Please write out every line of the material, leaving out any picture.

DATA ::
▬▬▬▬▬▬▬▬▬▬

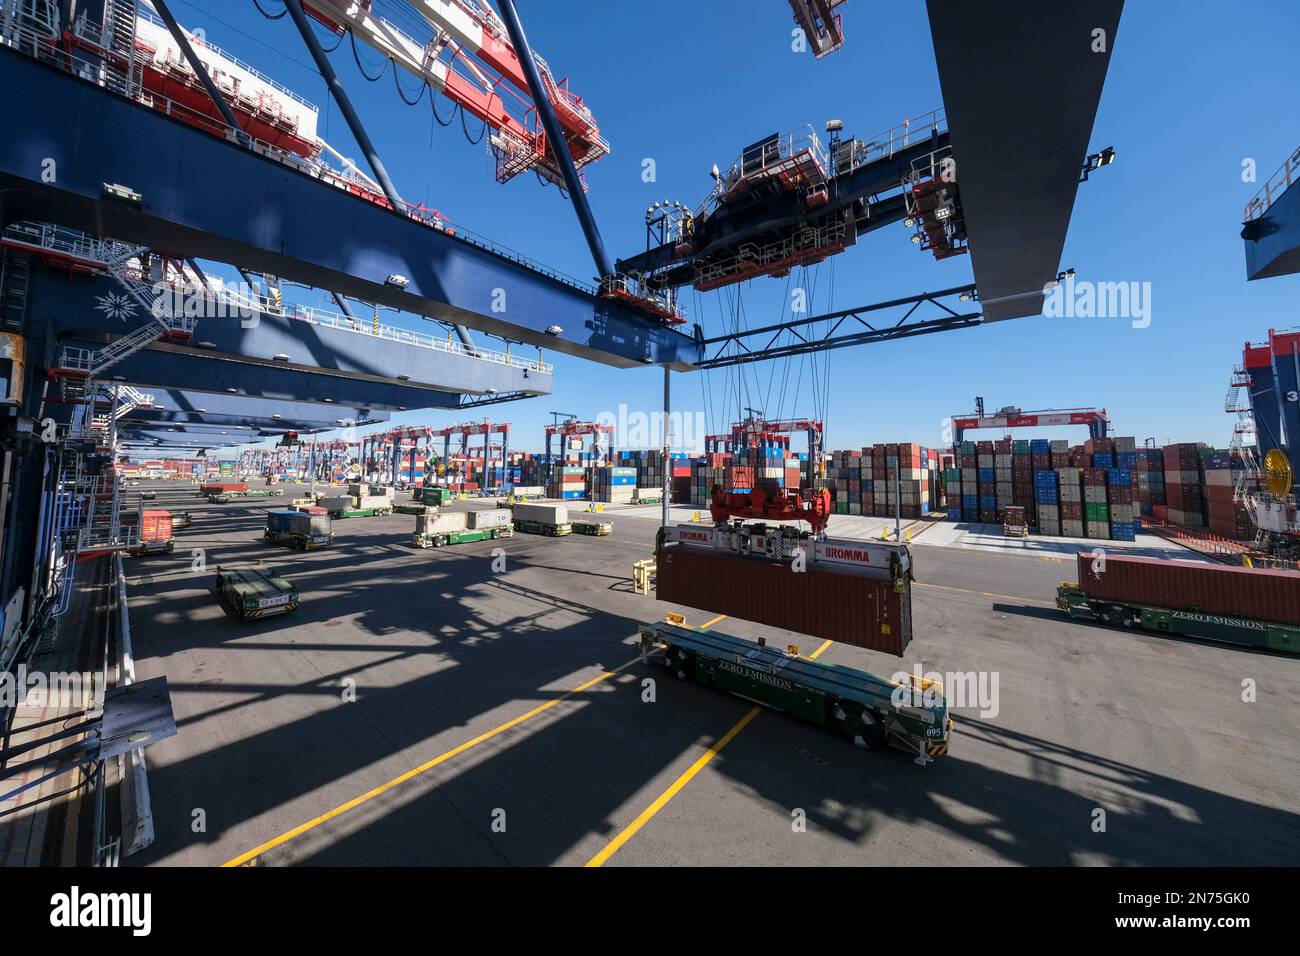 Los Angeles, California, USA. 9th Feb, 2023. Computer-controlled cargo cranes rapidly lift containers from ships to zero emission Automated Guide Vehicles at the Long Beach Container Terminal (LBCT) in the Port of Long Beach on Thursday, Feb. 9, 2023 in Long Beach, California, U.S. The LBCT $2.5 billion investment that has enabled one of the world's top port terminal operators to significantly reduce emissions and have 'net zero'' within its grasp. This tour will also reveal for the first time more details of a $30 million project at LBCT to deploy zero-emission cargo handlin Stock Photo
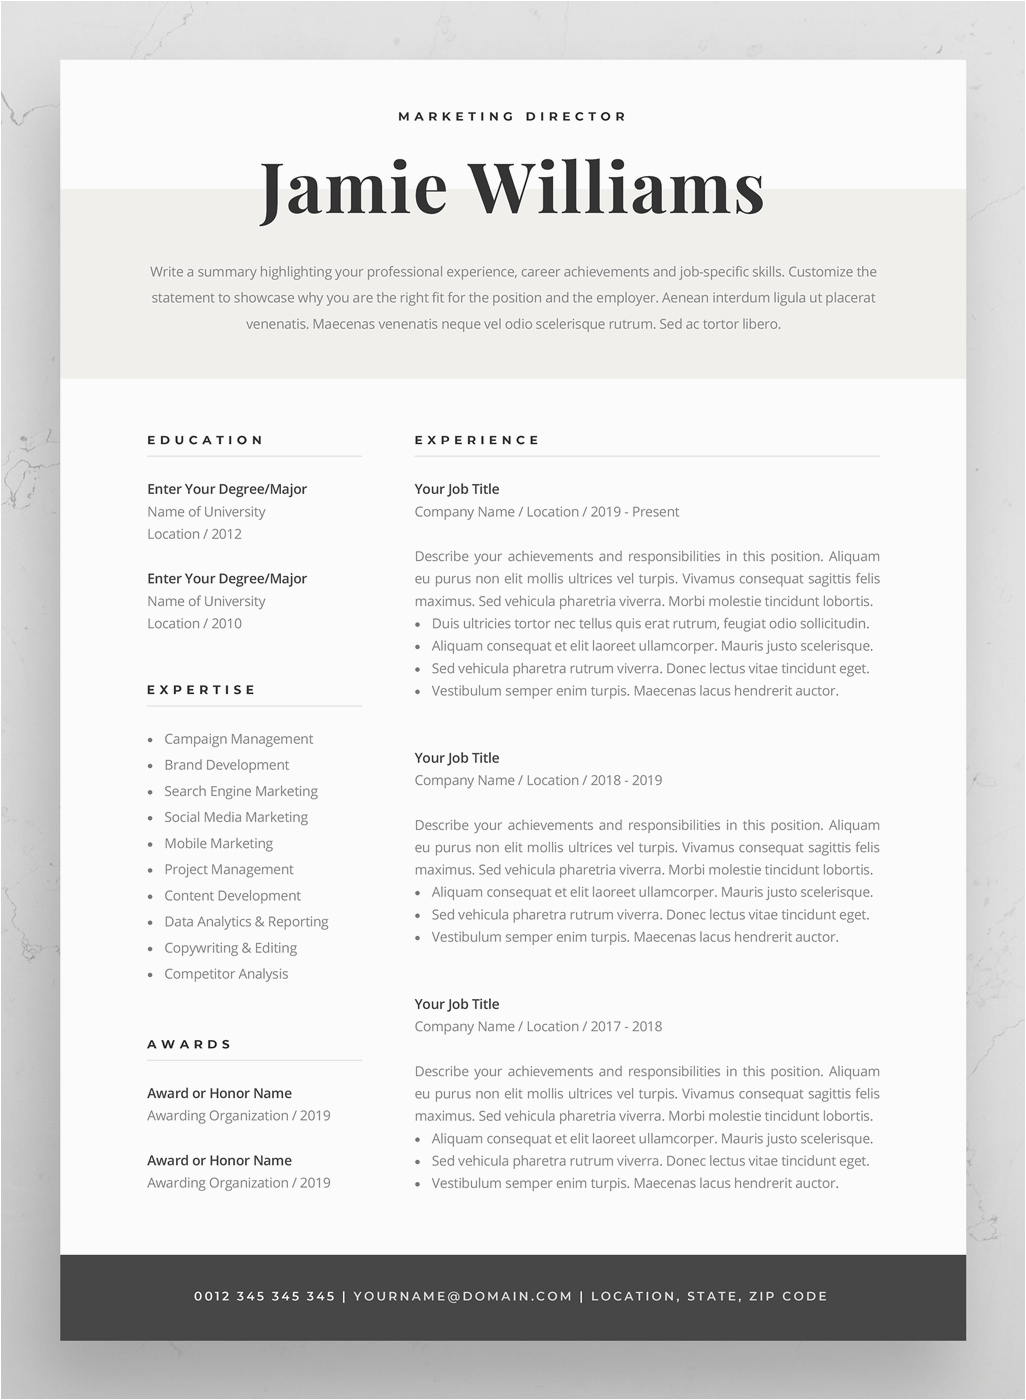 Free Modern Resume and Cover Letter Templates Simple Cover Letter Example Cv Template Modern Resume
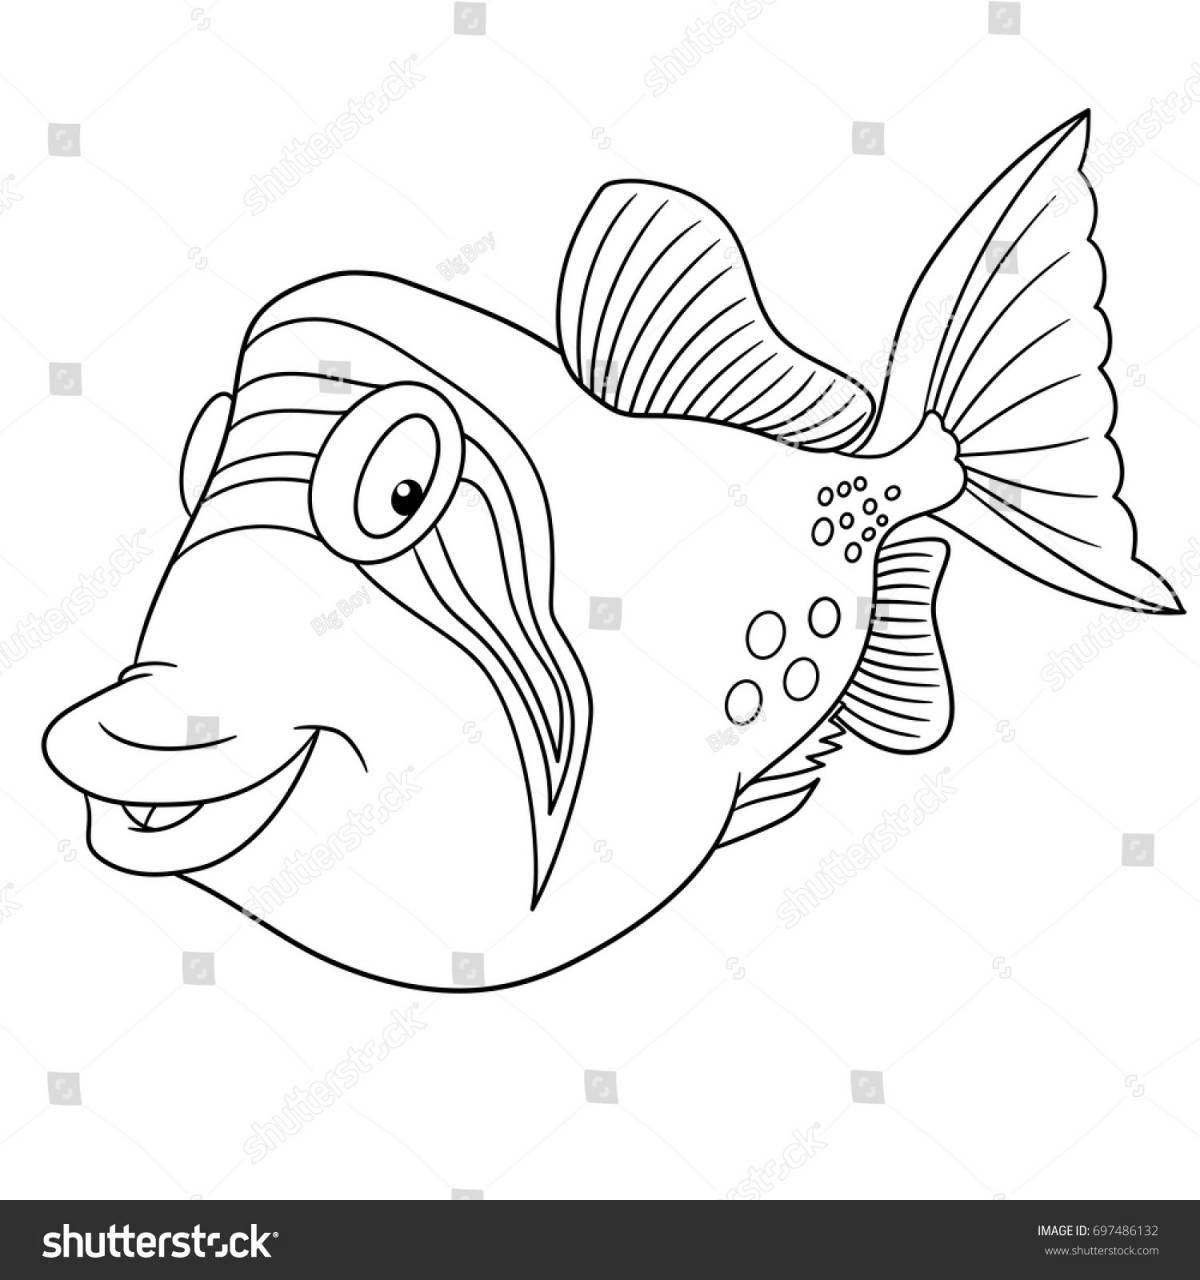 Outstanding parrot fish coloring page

▬▬▬▬▬▬▬▬▬▬

EXPECTED OUTPUT ::
 Los Angeles, California, USA. 9th Feb, 2023. Computer-controlled cargo cranes rapidly lift containers from ships to zero emission Automated Guide Vehicles at the Long Beach Container Terminal (LBCT) in the Port of Long Beach on Thursday, Feb. 9, 2023 in Long Beach, California, U.S. The LBCT $2.5 billion investment that has enabled one of the world's top port terminal operators to significantly reduce emissions and have 'net zero'' within its grasp. This tour will also reveal for the first time more details of a $30 million project at LBCT to deploy zero-emission cargo handlin Stock Photo
 Free Modern Resume and Cover Letter Templates Simple Cover Letter Example Cv Template Modern Resume
 Outstanding parrot fish coloring page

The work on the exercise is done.